TriggerProcessComplete();
}
and inside the TriggerProcessxxxx methods I trigger the events using this code...
var EventListeners = EH.GetInvocationList(); //EH is the appropriate EventHandler
if (EventListeners != null)
{
for (int index = 0; index < EventListeners.Count(); index++)
{
var methodToInvoke = (EventHandler)EventListeners[index];
methodToInvoke.BeginInvoke(this, EventArgs.Empty, EndAsyncEvent, new object[] { });
}
}
Finally, I have added Application.DoEvents() to the updateStatusLabel method but it did not help. I am still getting the same result. Here is my update method.
private void updateStatusLabel(string text)
{
StatusLabel1.Text = text;
statusStrip1.Refresh();
Application.DoEvents();
}
So I guess the "processing" is taking place on the UI thread but eventhandler is invoked on it's own thread which then invokes the control update back on the UI thread. Is this a dumb way of doing things? Note: The class that contains the DoSomeProcess() method is in a separate .NET ClassLibrary that i am referencing.

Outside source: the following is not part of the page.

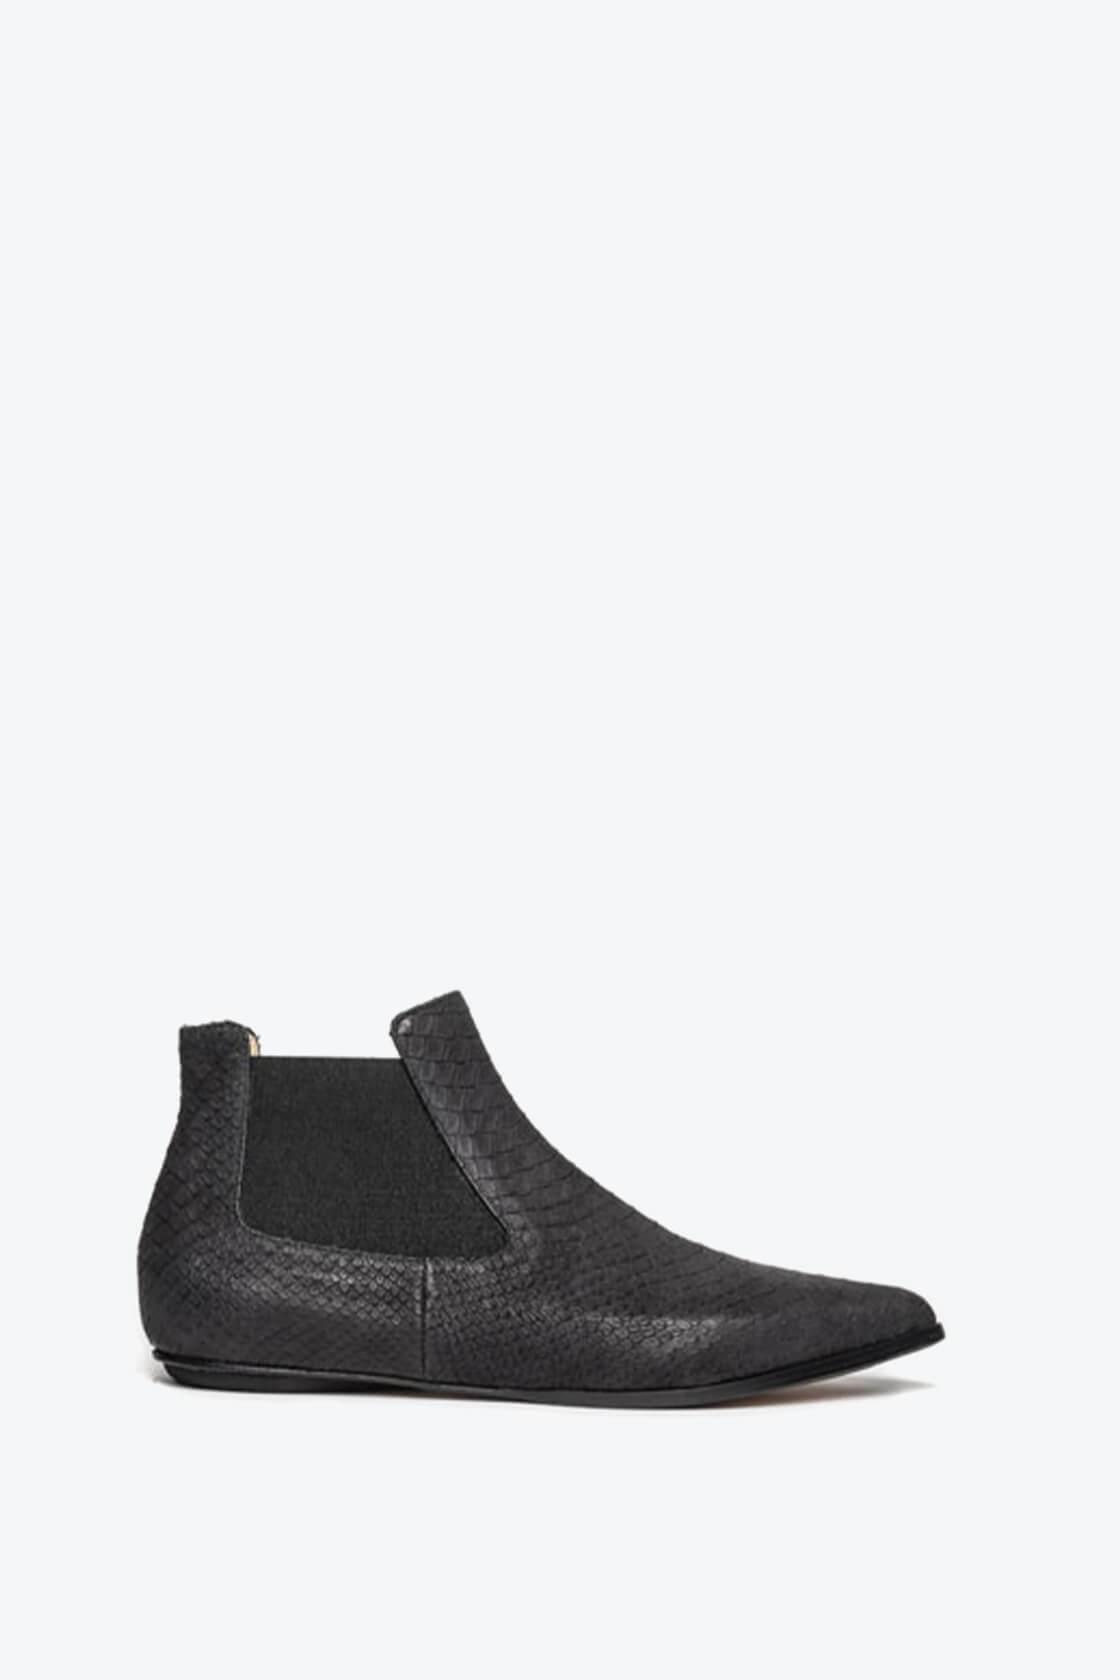 EJK0000042 Niki chelsea boots black python 1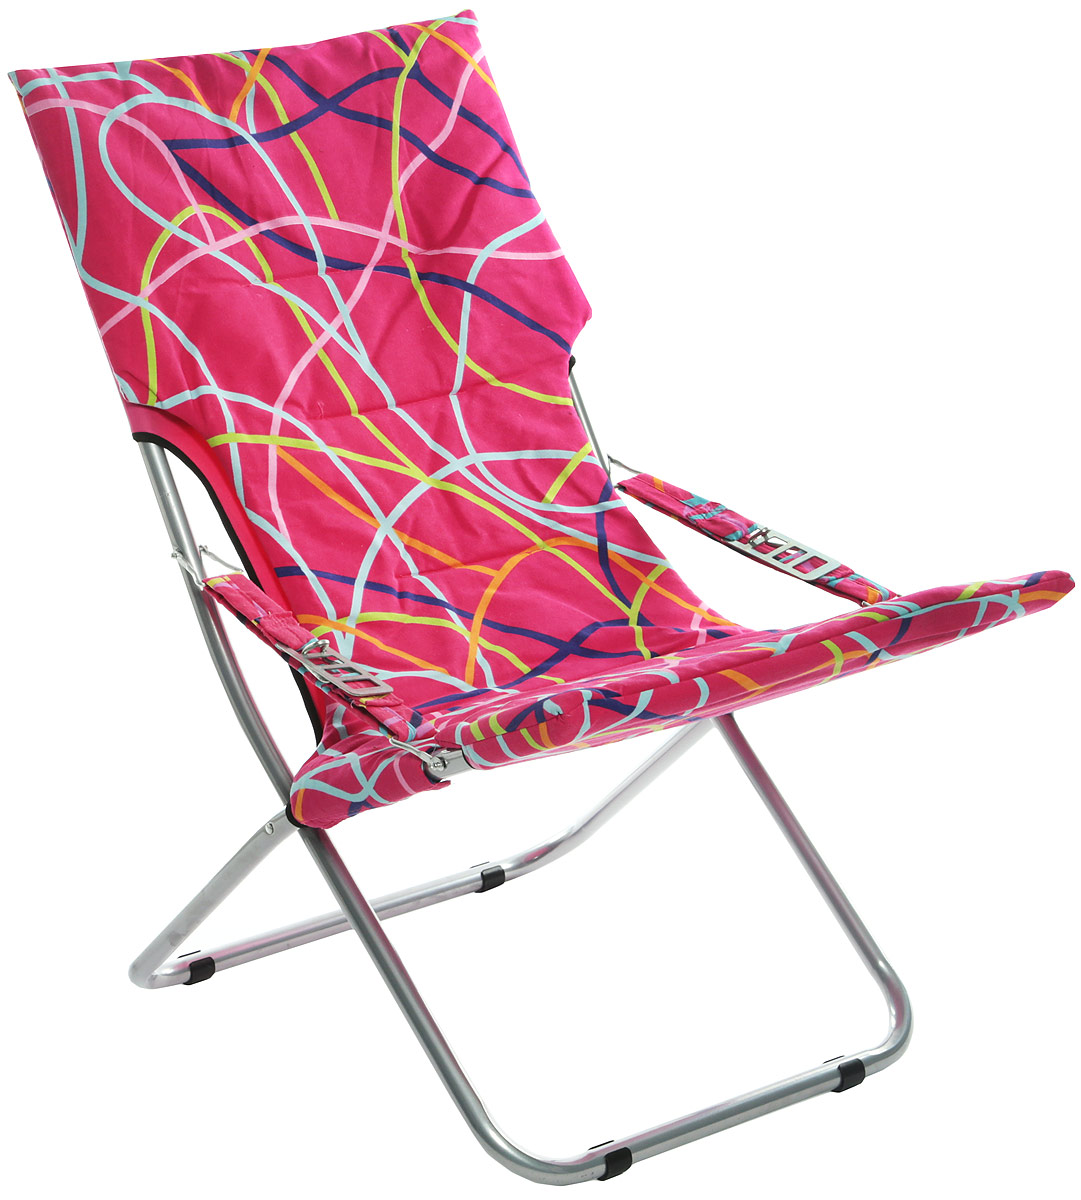 Кресло складное Wildman, цвет: розовый, желтый, синий, 73 х 60 х 100 см v7 1 5 display car radar detector w car charger black 12v english

If you're doing your processing on the UI thread, it won't be able to do anything else (like redraw updated labels) while the processing is running. So for instance, if the processing is happening because the user clicked a button and is triggered by the button click handler (without explicitly placing it on another thread), it's running on the UI thread. Even though you update the label's text, it doesn't get drawn until it receives a paint message, at which point it's probably busy doing your processing.
The answer is to do long-running processing on a separate thread. The hack (IMHO) is to use Application.DoEvents to let the UI thread do some UI stuff during your processing. If you put one of those after updating the label and before you start your processing, odds are pretty high the label will get repainted. But then, during the processing, no further paint events can get processed (leading to half-drawn windows when someone moves another app window over your app and back, etc.). Hence my calling it a hack (even though, er, um, I've been known to do it :-) ).
Edit Update based on your edits:
Re
So I guess the "processing" is taking place on the UI thread but eventhandler is invoked on it's own thread...
I'm assuming DoSomeProcess is triggered from the UI thread (e.g., in direct response to a button click or similar). If so, then yes, your processing is definitely on the UI thread. Because TriggerProcessStarted triggers your callback asynchronously via BeginInvoke, you have no idea when it will run, but in any case your code then immediately launches into processing, never yielding, so no one else is going to be able to grab that thread. Since that's the UI thread, the call to the delegate will block on the Invoke call setting the label's text, whereupon it has to wait for the UI thread (which is busy processing). (And that's assuming it's scheduled on a different thread; I couldn't 100% convince myself either way, because Microsoft has two different BeginInvokes -- which IIRC one of the designers has acknowledged was a Really Dumb Idea -- and it's been a while since I fought with this stuff.)
If you make the TriggerProcessStarted calls to your callbacks synchronous, you should be okay. But ideally, schedule the processing (if it's not doing UI) on its own thread instead.